When Jeffrey Crowl was 9 years old, his father came home from his job as
a sales manager at a local newspaper and asked his family what it thought
of him starting his own advertising agency. The younger Crowl voted against
it for purely financial reasons. His allowance would go from 50 cents to a
quarter.

This early cutback would lead to substantial gain.

Jeffrey colored in the letters of ads his dad worked on at home while
getting the business off the ground. This was before computers did all the
work.

In 1981, 31-year-old Jeffrey Crowl purchased the business from his father
and has advanced it to what it is today, Crowl, Montgomery & Clark
Inc., an advertising and sales promotion firm with a waiting room full of
awards.

When he and his partner, Mark Clark, bought the company, interest rates
were at 17.5 percent. It only took them a year to pay back the bank.

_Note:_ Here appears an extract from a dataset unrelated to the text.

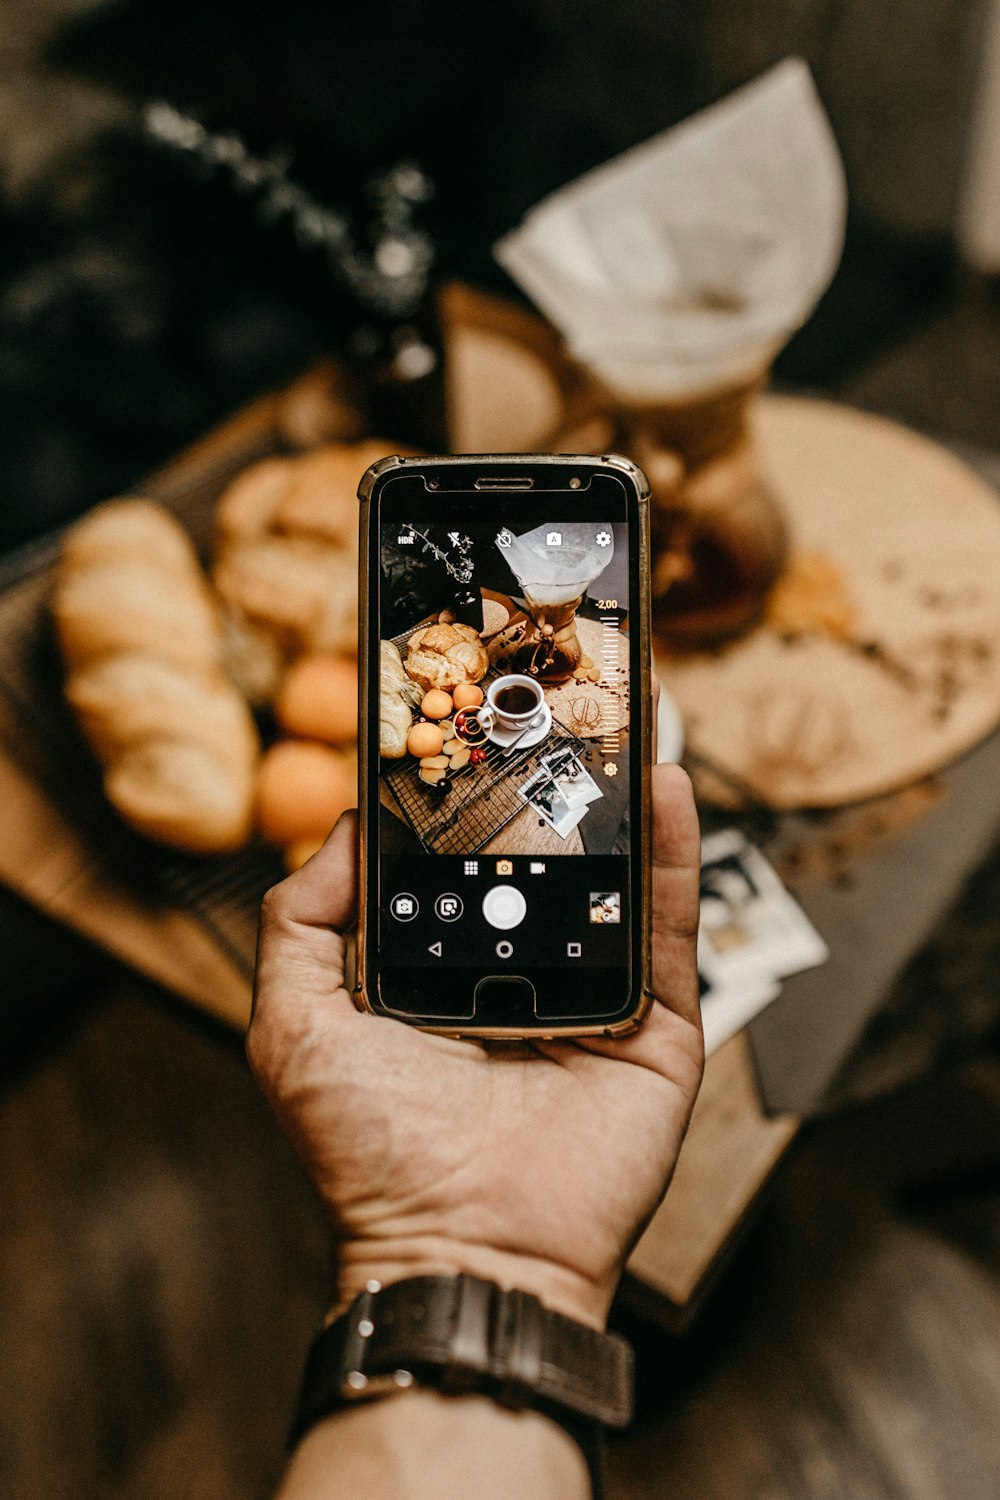 スマートフォンでパンやコーヒーを撮影する人
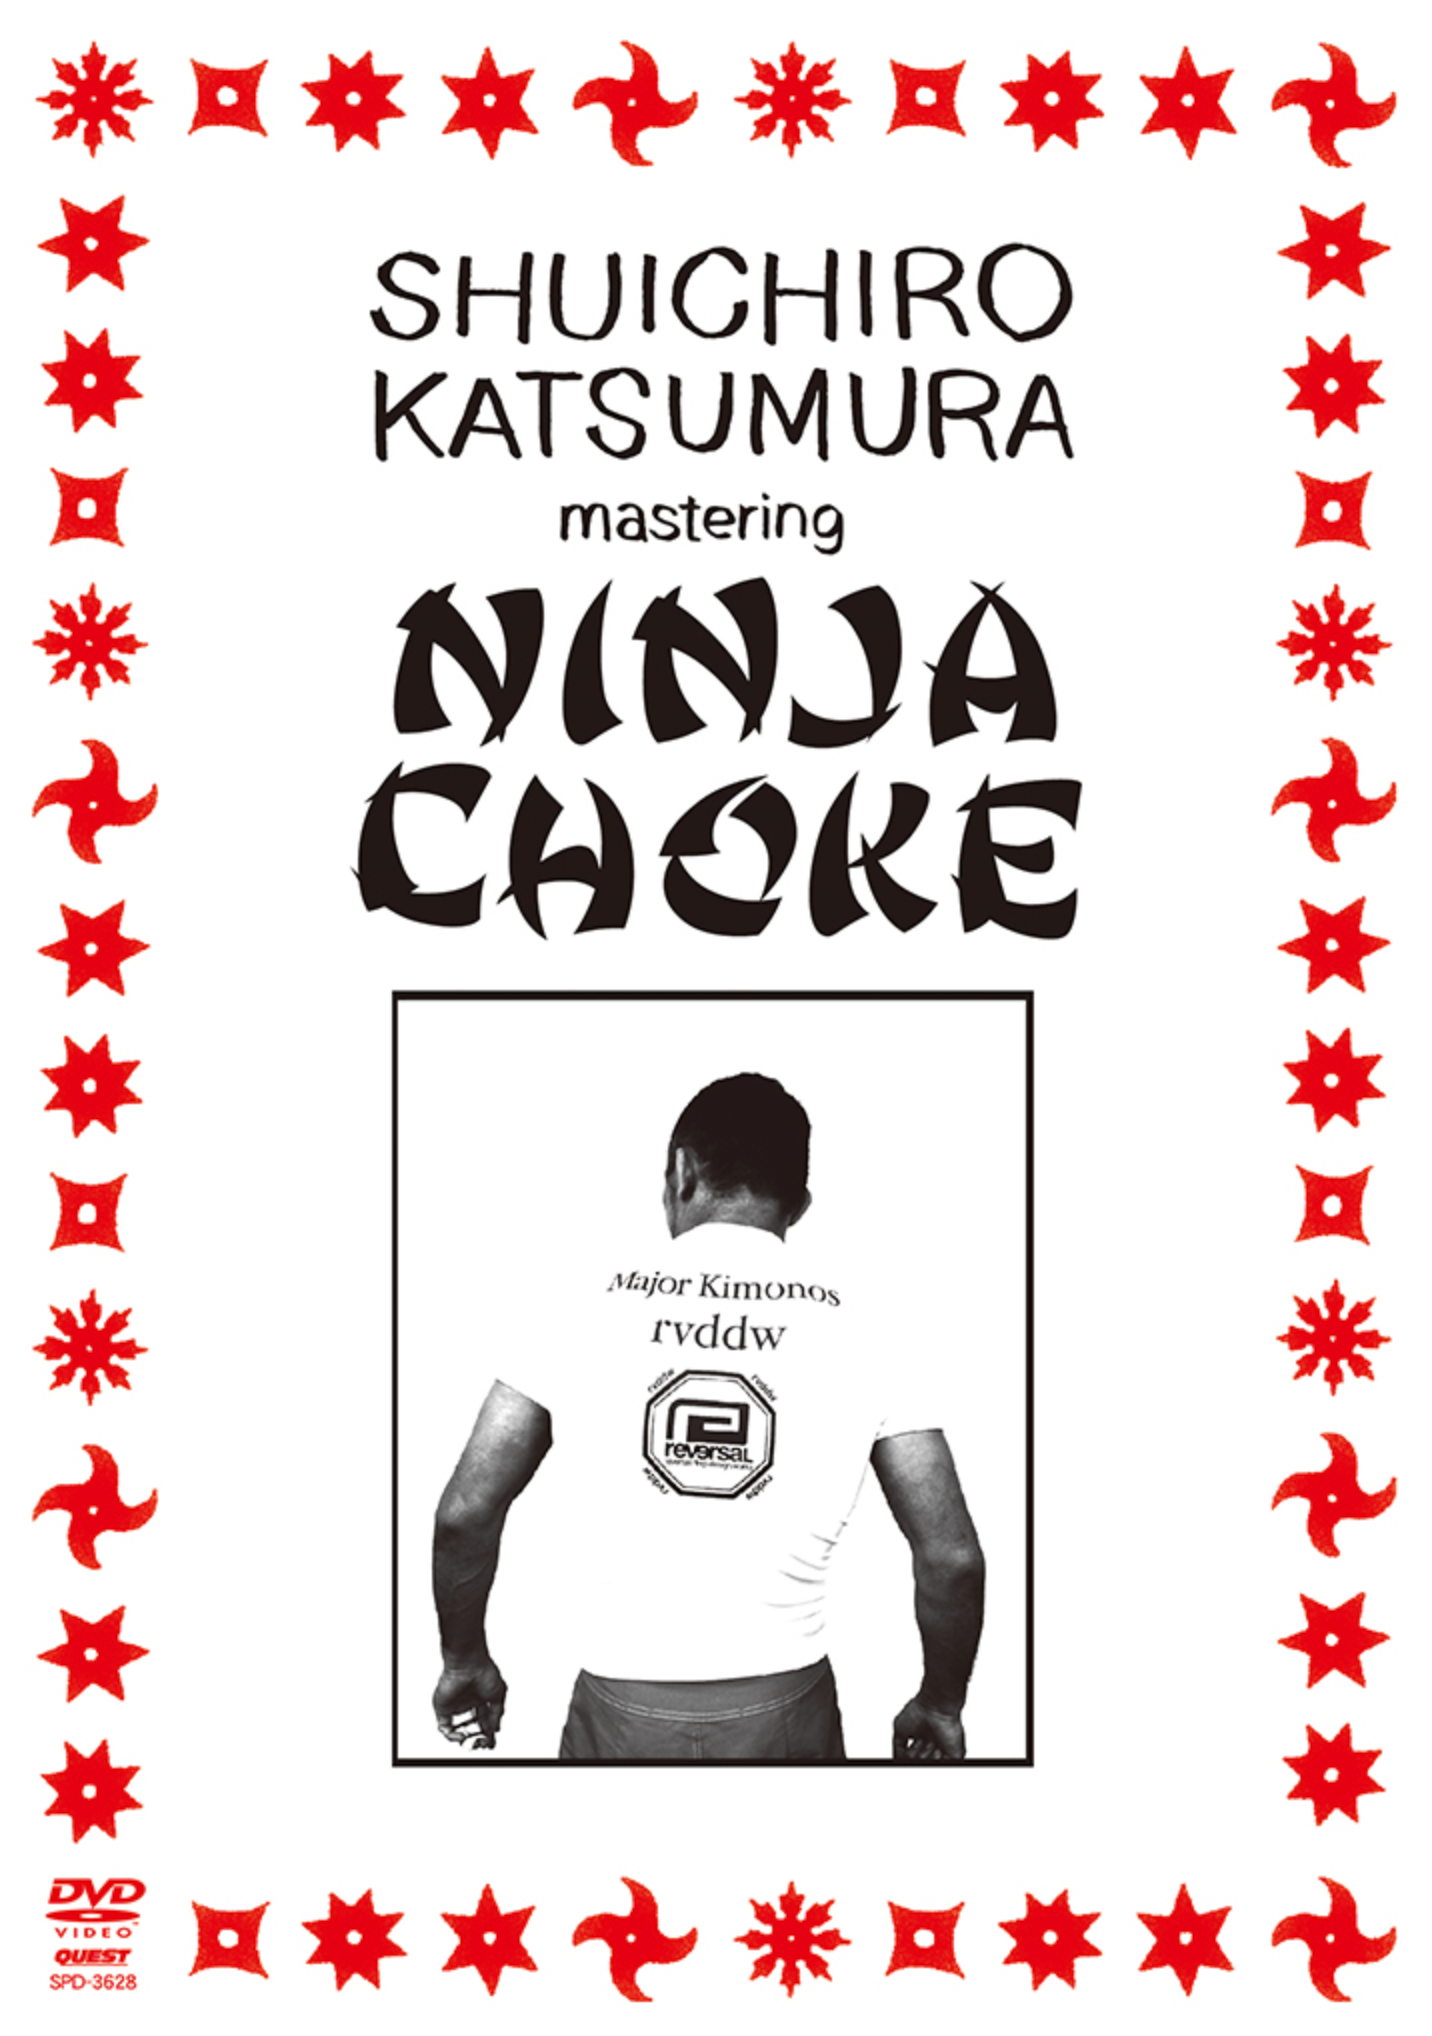 Mastering the Ninja Choke DVD by Shuichiro Katsumura - Budovideos Inc

“At that age, you have no fear,” he says. “It’s one of
those things that you probably don’t know enough to stay out of
business.”

He didn’t have much trouble keeping the business growing as he had
worked for his father for 10 years. However they did lose a major account
shortly after acquiring the firm. They took it in stride.

“Because you’re put in a position that you’ve got to
succeed, you do. And that’s the perspective we took.”

One thing he noticed as he grew older was a change in attitudes toward him
as a person and business associate, a change that today’s young
professionals may be happy to hear.

“I don’t know if there is a ceiling or a plateau at which people
say, ‘Well, he’s no longer that young whippersnapper that
doesn’t know anything,’ — to someone whose opinion they
respect on a business level,” Crowl says. “It seemed like it had
to be somewhere around that 35-year age where I could almost feel it
overnight. All of a sudden there was a change. I can’t describe it. It
just happened. I can tell you that it was very clear in my mind that all of
a sudden, people were showing a respect for my opinion and my business
sense.”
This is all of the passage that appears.